Another way I could have possibly chosen to do this would be to make a single DataCollection class, and then give it a "type" and have the class itself contain the logic to fetch and process each one with a match statement. But I like my way better.

Class Design

The DataCollection class holds the validation function and the standardized dataframe columns. I left room so that I can eventually add the ability to have users determine their own desired object attributes/dataframe columns, but for now each object instantiates just by passing in credentials. It also holds the logic to convert the data into a Pandas Dataframe for easy processing.

Each individual class has its own methods to request and parse data into a 2d array. I chose to separate these for flexibility; this way, a user can get the raw data, the 2d array, or the dataframe, depending on their needs.

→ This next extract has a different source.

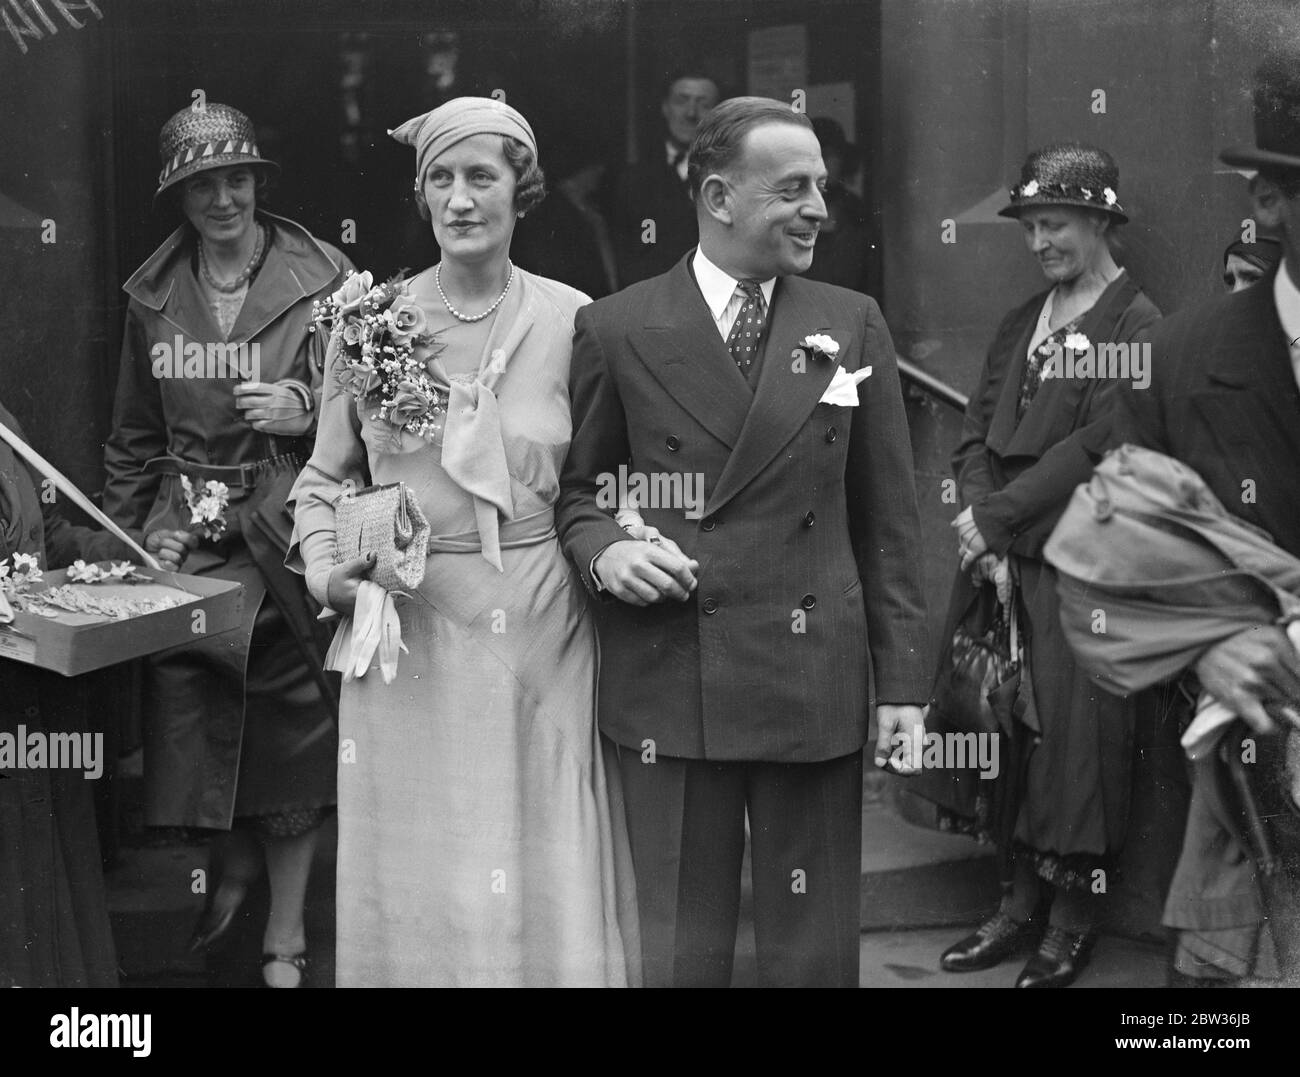 Daughter of Lord Ruthven weds . The wedding of Miss Jean Hore - Ruthven , daughter of Lord Ruthven , Lieutenant Governor of Guernsey to Don Francisco Larios took place at St Mary ' s Church , Cadogan Square , London . Photo show ; the bride and groom leaving the church after the ceremony . 21 June 1933 Stock Photo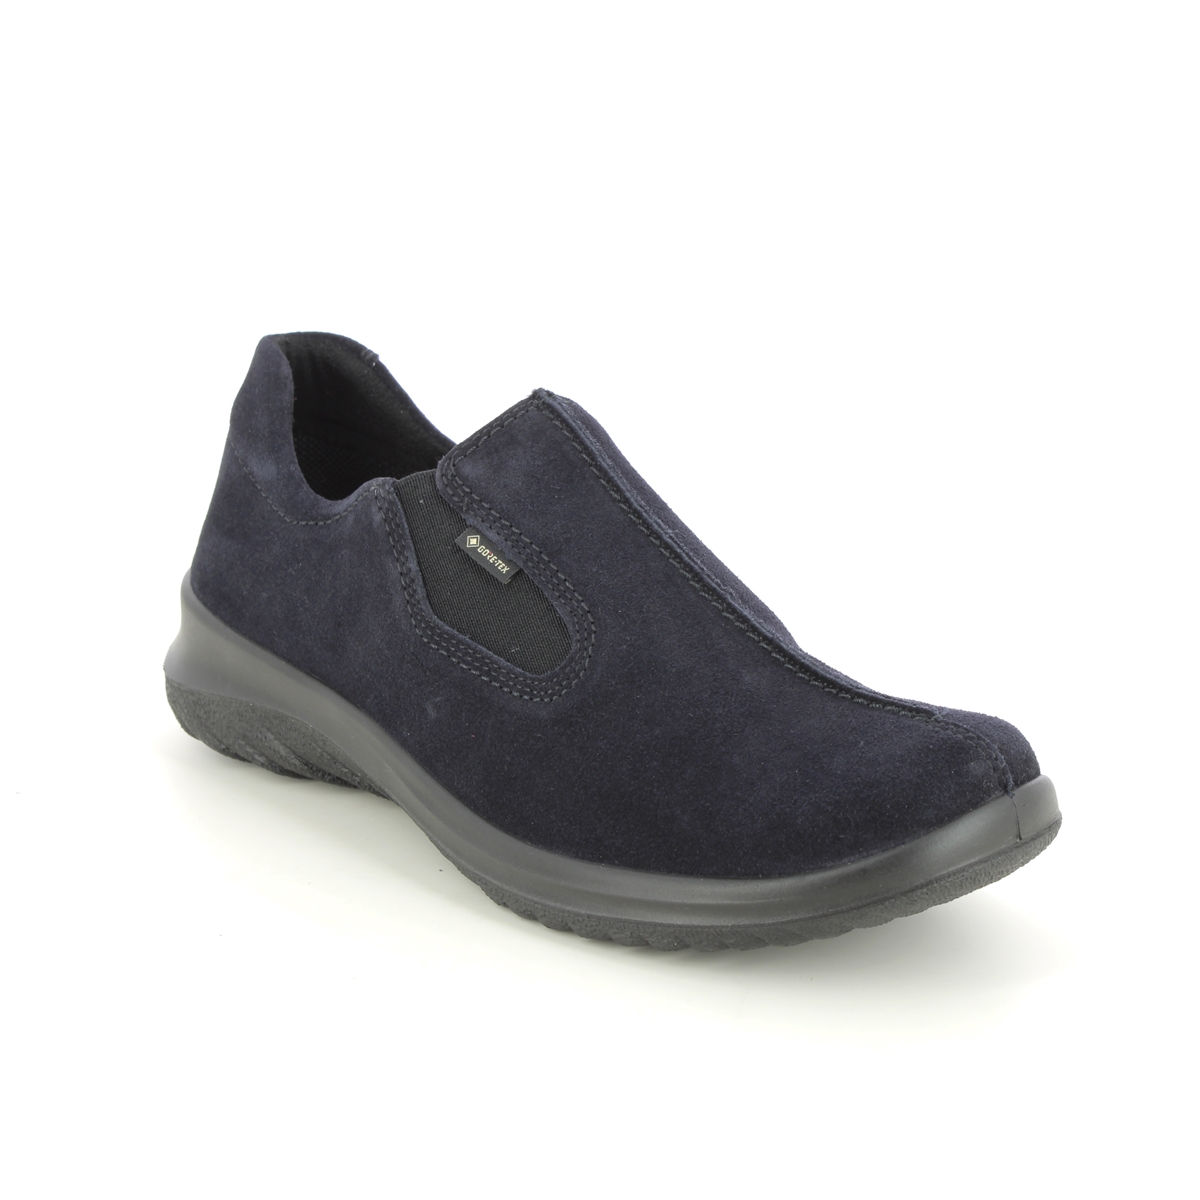 Legero Soft Shoe Gtx Navy Suede Womens Comfort Slip On Shoes 09568-80 In Size 5 In Plain Navy Suede

The process looks something like:

twitter = Twitter('creds') tweets = twitter.get_tweets('username', count) twitter_df = twitter.make_df(tweets)

I could combine these 3 method calls into one, but I've split them for greater flexibility. For example, some use cases may require the data to be in list format instead of a dataframe. If it turns out that the overwhelming majority of users just want a pandas dataframe, I will reconsider, and either combine the methods or (more likely) add a new method that chains the others. But I think the current method (and methods! cue rimshot) is readable and easy to follow instead of being a bit of a mystery box where creds go in, ???, df comes out.

There is a certain amount of repetition in the individual classes; this is because the requests have different named parameters. For example, twitter has "max_results" and discord has "limit" as query parameters. As of the time of this writing, I have plans to condense the actual request logic into the base class and have that fuction take in a path and headers. Little more elegant.

Then came the determination of what to name the functions. As everyone knows, this is the hardest part of programming. Just ask /r/programmerhumor! It was a bit of a challenge, though, in all honesty. On the one hand, uniformity is good. It is ideal to have the same pattern across all objects. On the other hand, it's confusing to tell someone that they should fetch Tweets by calling a method called "get_posts." In the end, I decided that I would name the fetching functions semantically, after their collection names, even though that means that the user has to type something different to get the information from each service. I'm not sure that this is the best approach, and may update that in the future. I want to minimize the amount of specific documentation that devs have to read, and am not sure whether it's more or less intuitive to have the methods named after the services. Thoughts on the subject are welcome!

Ultimately, the objects and functions themselves don't require that much logic (some of the data processing does, and I'll talk about that in another post). This section of the project was more about noticing overarching patterns, and taking the time to dig through and understand the API docs for a ton of services. Except for paginating Tweets... which doesn't require that much logic, exactly, it's just always a (necessary) pain dealing with pagination tokens.

It's funny because my job title currently is technically Senior Integrations Engineer, but I've been doing straight software engineering for the past 6-8 months. This is the first time I've flexed those "integrations" muscles in quite a while!

At the time of this writing I have built out Twitter and Discord to be able to fetch a user-provided number of tweets from a user or a user-provided number of messages from a channel, respectively. (Hence the heavily reliance on those two for examples!) I am following the same process/patterns for Reddit and Kaggle, which will be fully built out in the upcoming weeks. Microft Teams and Slack follow very similar conventions as Discord, and will be easy to add should the need arise.

In upcoming posts I'll talk about the processing side of the pipeline, as well as eventual deployment and building components that will allow non-technical folks to use them with a graphical interface.